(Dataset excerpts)
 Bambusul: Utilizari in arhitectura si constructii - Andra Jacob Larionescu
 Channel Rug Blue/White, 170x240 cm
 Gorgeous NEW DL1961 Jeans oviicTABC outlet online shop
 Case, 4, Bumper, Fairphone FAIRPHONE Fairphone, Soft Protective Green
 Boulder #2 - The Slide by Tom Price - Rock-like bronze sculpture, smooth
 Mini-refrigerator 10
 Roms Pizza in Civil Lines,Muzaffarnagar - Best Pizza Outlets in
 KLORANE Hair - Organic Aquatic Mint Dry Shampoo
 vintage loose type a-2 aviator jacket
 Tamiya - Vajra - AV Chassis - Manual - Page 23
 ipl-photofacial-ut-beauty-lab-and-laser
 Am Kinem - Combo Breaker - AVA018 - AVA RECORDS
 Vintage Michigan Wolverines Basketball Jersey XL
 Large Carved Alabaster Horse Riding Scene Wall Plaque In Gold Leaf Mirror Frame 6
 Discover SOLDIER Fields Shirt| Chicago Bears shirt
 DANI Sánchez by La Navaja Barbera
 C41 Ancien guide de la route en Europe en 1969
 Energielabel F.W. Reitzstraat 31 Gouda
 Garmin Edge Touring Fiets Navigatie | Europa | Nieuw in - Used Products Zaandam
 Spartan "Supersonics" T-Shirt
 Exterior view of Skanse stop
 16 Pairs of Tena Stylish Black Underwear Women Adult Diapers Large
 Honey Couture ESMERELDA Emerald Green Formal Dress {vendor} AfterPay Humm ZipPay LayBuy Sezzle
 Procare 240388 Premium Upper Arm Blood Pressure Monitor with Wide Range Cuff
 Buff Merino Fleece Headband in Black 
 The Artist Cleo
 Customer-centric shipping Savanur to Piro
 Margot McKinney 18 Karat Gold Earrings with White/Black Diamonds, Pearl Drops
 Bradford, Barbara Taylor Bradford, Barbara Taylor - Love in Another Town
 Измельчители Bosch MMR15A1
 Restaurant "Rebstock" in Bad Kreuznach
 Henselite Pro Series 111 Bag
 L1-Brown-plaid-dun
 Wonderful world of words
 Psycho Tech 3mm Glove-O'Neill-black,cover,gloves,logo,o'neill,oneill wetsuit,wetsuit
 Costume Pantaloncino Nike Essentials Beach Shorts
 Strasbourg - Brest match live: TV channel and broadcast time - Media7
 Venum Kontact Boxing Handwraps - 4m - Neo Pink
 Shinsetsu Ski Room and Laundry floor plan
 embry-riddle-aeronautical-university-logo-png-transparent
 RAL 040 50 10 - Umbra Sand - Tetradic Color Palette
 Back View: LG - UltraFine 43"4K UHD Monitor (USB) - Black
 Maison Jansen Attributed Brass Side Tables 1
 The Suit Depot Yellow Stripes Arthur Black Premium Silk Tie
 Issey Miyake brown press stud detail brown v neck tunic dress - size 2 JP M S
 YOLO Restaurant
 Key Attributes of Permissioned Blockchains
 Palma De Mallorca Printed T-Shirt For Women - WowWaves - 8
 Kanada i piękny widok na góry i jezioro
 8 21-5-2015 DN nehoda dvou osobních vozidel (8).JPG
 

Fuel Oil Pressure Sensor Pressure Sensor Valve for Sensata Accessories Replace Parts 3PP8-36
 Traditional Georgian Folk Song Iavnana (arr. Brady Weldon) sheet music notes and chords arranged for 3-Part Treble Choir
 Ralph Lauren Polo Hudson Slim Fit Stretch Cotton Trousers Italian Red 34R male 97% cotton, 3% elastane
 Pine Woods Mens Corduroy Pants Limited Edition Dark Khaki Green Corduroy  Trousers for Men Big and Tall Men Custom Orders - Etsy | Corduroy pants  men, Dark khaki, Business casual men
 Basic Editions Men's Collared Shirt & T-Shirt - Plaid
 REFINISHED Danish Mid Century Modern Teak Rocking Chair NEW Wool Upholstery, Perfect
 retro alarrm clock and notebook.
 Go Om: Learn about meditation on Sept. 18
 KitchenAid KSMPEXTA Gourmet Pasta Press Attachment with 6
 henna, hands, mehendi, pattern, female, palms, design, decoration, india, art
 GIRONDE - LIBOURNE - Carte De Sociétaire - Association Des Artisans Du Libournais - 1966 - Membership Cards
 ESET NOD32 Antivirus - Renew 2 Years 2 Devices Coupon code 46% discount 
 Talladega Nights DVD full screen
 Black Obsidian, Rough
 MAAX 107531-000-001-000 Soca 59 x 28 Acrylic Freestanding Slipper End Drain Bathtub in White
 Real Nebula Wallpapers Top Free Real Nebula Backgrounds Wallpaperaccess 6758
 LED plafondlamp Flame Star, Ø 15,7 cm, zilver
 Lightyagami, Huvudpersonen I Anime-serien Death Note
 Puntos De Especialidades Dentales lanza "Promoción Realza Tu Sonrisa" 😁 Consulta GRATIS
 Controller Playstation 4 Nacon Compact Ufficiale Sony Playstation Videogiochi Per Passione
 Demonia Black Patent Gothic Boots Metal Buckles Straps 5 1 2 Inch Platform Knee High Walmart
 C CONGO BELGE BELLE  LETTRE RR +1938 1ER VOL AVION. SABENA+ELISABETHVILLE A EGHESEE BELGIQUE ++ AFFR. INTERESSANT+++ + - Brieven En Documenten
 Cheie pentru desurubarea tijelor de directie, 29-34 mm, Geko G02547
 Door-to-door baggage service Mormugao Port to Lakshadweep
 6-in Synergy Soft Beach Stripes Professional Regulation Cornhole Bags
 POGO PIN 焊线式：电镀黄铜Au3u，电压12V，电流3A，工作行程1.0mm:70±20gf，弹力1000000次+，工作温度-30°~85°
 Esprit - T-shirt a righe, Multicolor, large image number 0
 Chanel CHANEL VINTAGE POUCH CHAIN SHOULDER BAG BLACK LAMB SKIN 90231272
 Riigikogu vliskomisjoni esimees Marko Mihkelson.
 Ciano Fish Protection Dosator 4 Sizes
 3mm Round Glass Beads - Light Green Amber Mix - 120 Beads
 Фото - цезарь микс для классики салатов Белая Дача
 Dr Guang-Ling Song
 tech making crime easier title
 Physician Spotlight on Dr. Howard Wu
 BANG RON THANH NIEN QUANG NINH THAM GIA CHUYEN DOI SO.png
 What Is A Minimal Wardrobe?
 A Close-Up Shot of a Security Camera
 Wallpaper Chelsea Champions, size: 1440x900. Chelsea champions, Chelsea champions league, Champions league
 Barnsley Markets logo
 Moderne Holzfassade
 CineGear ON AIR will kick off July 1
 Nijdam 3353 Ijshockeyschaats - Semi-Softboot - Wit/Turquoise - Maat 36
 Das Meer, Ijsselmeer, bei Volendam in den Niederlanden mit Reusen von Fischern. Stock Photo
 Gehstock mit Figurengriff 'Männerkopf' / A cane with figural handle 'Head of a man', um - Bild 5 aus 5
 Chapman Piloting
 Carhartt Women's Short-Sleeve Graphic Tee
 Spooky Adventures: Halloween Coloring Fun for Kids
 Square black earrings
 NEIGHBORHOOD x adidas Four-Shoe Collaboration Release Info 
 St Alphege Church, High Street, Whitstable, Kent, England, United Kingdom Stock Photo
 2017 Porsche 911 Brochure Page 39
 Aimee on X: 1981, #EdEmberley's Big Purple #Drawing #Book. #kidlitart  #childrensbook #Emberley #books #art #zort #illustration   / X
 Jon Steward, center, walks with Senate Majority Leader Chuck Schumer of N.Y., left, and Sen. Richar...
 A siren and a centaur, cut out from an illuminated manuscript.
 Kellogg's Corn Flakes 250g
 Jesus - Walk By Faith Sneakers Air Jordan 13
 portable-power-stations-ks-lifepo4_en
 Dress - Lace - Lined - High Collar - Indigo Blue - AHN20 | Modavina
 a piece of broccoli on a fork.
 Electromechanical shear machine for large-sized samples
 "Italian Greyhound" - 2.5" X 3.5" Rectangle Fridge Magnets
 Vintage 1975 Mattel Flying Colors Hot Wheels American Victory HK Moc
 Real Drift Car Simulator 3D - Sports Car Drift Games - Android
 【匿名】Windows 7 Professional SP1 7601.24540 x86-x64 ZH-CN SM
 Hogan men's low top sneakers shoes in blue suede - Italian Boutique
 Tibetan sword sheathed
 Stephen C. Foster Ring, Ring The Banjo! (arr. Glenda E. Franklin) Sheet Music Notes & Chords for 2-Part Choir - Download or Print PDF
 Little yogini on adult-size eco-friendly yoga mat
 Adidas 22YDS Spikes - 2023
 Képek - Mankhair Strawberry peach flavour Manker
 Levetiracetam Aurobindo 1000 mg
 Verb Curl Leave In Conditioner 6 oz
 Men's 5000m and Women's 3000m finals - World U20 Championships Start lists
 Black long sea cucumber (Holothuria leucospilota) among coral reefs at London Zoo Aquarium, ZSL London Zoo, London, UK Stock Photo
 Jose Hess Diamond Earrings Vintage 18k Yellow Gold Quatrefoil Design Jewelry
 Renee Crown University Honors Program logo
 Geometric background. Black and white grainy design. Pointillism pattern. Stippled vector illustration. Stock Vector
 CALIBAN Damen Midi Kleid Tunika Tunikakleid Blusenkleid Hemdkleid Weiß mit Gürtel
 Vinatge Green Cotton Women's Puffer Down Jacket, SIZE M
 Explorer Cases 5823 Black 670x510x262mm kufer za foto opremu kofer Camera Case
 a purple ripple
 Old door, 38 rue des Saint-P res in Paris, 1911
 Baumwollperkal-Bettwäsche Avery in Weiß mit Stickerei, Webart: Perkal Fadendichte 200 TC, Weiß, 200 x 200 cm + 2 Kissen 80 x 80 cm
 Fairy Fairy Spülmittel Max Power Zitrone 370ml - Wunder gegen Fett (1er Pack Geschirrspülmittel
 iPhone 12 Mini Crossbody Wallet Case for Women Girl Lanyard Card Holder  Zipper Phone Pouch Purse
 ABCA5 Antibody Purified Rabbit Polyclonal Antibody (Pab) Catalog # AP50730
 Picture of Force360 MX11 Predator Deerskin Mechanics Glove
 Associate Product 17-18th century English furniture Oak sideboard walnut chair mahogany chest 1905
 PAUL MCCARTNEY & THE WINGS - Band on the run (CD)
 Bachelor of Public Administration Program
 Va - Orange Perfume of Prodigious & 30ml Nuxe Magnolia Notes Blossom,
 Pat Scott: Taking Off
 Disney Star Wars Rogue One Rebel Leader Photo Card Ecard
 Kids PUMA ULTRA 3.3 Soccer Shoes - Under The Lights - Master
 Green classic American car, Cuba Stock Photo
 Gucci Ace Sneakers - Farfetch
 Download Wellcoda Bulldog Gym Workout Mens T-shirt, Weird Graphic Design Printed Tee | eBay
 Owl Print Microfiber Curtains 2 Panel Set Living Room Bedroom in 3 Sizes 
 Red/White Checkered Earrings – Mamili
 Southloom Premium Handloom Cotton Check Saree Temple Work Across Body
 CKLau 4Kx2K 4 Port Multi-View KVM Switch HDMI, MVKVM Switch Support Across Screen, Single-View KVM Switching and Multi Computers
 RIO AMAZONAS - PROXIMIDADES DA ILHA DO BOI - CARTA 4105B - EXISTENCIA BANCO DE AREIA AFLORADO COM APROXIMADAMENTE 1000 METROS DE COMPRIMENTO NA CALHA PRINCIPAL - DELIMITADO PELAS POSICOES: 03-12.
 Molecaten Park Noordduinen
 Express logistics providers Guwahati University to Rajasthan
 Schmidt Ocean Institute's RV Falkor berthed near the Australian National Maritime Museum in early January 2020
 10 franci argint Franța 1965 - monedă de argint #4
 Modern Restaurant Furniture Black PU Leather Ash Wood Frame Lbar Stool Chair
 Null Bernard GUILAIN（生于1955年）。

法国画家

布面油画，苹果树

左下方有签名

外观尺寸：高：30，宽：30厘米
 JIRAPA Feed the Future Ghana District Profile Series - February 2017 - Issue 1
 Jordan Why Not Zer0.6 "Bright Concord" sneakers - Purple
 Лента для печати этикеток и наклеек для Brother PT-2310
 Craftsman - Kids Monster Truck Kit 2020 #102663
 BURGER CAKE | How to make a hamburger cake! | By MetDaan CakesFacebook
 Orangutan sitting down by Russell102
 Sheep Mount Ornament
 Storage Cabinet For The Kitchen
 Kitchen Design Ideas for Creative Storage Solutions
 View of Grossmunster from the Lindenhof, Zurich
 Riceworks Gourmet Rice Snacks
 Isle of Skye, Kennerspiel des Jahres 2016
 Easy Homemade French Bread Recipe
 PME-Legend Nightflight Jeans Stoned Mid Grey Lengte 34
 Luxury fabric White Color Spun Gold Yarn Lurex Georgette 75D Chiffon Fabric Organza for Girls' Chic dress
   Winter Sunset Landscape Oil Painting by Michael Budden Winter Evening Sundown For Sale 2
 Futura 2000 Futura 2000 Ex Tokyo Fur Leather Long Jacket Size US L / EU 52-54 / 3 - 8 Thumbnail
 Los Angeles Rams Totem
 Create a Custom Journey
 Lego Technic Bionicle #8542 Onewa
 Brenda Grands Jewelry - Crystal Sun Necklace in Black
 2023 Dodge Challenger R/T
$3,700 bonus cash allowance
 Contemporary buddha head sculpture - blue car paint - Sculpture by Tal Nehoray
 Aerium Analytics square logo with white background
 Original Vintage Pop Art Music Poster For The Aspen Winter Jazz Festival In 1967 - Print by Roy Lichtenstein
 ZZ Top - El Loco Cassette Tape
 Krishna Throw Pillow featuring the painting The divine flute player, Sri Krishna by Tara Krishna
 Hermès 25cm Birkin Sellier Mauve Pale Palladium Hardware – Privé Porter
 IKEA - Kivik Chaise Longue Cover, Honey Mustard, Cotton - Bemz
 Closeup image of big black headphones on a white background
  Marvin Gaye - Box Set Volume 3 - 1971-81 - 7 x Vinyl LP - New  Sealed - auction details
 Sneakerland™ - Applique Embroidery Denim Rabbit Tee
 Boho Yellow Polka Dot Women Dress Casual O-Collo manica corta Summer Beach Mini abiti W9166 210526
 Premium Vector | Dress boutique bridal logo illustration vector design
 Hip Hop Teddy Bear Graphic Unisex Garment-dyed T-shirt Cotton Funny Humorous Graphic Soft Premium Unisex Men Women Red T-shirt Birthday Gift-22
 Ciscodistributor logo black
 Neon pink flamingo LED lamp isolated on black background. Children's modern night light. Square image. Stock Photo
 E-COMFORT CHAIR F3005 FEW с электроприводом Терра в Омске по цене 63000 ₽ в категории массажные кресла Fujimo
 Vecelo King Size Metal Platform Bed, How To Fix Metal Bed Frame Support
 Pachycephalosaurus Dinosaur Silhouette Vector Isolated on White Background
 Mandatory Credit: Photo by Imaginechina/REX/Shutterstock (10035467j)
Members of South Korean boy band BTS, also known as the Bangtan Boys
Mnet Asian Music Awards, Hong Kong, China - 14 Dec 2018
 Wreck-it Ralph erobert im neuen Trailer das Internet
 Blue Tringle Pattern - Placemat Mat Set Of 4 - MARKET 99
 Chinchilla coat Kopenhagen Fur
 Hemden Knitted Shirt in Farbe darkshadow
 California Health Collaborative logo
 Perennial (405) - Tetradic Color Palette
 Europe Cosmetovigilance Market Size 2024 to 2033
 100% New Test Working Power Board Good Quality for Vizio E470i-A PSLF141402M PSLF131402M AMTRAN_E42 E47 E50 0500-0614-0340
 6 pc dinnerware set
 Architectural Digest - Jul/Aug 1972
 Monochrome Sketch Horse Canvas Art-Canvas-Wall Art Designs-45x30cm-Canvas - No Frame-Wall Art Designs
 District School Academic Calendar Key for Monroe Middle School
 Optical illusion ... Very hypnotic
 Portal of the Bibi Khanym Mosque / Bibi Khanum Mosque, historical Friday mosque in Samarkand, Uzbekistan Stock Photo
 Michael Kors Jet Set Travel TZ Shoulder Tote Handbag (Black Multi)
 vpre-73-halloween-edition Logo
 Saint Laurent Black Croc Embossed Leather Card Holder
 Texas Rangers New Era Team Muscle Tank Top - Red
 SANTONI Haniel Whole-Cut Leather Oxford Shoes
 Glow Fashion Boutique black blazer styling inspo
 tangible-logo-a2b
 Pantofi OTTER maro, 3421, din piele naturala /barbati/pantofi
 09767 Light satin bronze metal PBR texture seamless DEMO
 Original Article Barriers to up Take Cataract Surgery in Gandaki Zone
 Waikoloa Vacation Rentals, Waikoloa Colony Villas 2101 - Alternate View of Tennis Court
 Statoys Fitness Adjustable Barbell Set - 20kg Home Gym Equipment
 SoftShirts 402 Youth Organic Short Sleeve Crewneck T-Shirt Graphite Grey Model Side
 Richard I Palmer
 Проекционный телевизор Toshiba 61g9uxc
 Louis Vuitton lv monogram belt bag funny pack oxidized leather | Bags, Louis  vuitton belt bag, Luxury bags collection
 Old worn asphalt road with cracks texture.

» **Your objective**
Could you return exactly the stretch of the data above that starts at the line with "L1-Brown-plaid-dun" and ends at the line with "Venum Kontact Boxing", both lines included?

» **Answer box**
 L1-Brown-plaid-dun
 Wonderful world of words
 Psycho Tech 3mm Glove-O'Neill-black,cover,gloves,logo,o'neill,oneill wetsuit,wetsuit
 Costume Pantaloncino Nike Essentials Beach Shorts
 Strasbourg - Brest match live: TV channel and broadcast time - Media7
 Venum Kontact Boxing Handwraps - 4m - Neo Pink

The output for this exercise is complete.